JPH09150408A - Manufacture of fireproof block - Google Patents

Abstract

PROBLEM TO BE SOLVED: To provide a manufacturing method of fireproof block excellent in durability and reliability. SOLUTION: This manufacturing method of a fireproof block comprises the steps of charging fireproof aggregate 1 having the particle diameter of 3mm or more in a form 2; forming a formed body by charging slurry 5, which is made of hardener-containing fireproof raw material having the particle diameter of 0.3mm or less and deaerated, among the fireproof aggregate particles 1 charged in the form 2; and drying and solidifying the resultant formed body.

Description

Detailed Description of the Invention

[0001]

BACKGROUND OF THE INVENTION 1. Field of the Invention The present invention relates to a method for manufacturing a refractory block that is structurally dense and has high bending strength.

[0002]

2. Description of the Related Art As is well known, for example, a slide gate of molten metal in a steelmaking process or a casting process, or a porous plug guide sleeve for preparing a molten metal composition by blowing an inert gas, etc.
A dense refractory block that does not contain coarse porosity is used.
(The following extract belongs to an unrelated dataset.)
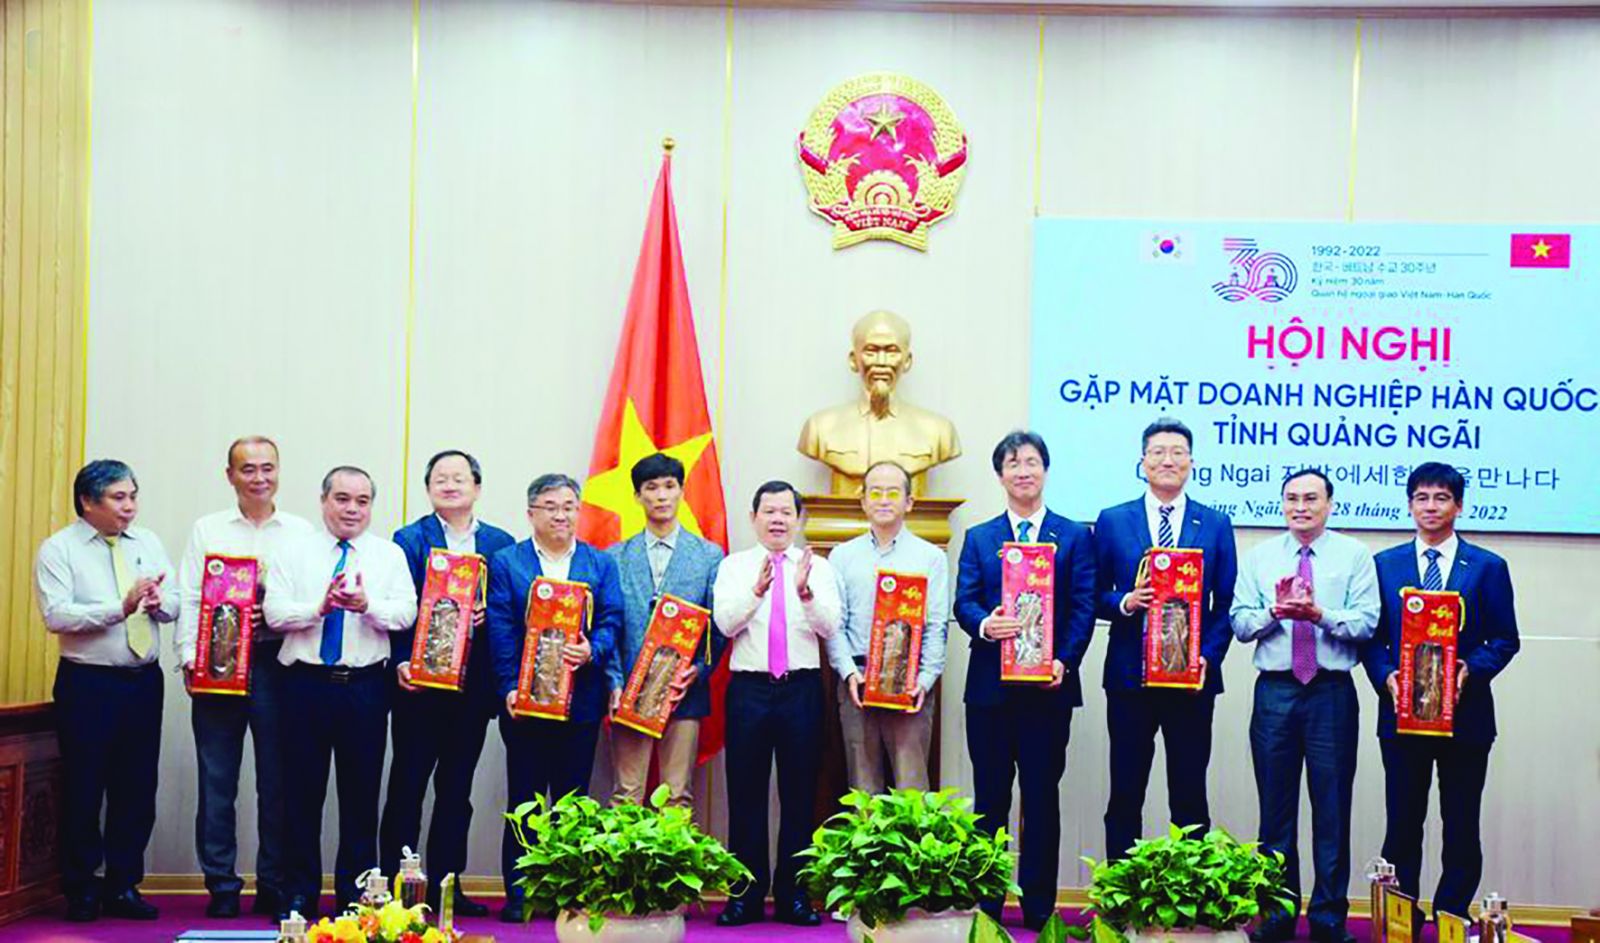 <p/>Gặp mặt các doanh nghiệp Hàn Quốc tại Quảng Ngãi nhân kỷ niệm 30 năm thiết lập quan hệ ngoại giao Việt Nam - Hàn Quốc. Ảnh: Ánh Nguyệt

And, this kind of refractory block and refractory material layer are generally marketed as so-called irregular shaped refractory and molded (standardized) at the time of use, but for easy handling and quick response. It is also commercially available in the fireproof block state, which is molded with consideration.

By the way, a conventional refractory amorphous block is a slurry-like substance prepared by kneading an amorphous refractory having a particle size of 5 mm or less and having a continuous particle size distribution (grain size mixture) with water. The block is poured (filled) into a mold of a specified shape, cured for 24 hours at room temperature, demolded, and then dried at 110 ° C for 24 hours, for example. ), And is put to practical use in the form of a molded body. In addition, in pouring (filling) into the above mold, while imparting sufficient fluidity to the slurry-like material, defoaming is performed. Therefore, generally, the frame mold is placed on a vibrating table, or A rod-shaped vibrator is inserted into the frame mold to vibrate the filled slurry material.

[0004]

With respect to the refractory block, it is desired to improve corrosion resistance and mechanical strength.
In response to these demands, a large reduction in coarse pores on the surface and inside (or no coarse pores) has been achieved. That is, attempts have been made to improve fluidity and facilitate defoaming by vigorous shaking and increasing the amount of kneading water. However, applying the strong vibration,
By increasing the amount of kneading water and the fluidity and defoaming property of the slurry-like material, on the other hand, separation or breathing easily occurs in the amorphous refractory due to the size of the particle size, etc. However, there is a problem that the amorphous refractory and water are easily separated or breathed even in the slurry-like material, and as a result, a refractory block or a refractory layer having a uniform composition cannot be obtained. In other words, the manufactured or formed refractory block or refractory material layer is likely to have a deviation in quality, which is not a practically satisfactory means.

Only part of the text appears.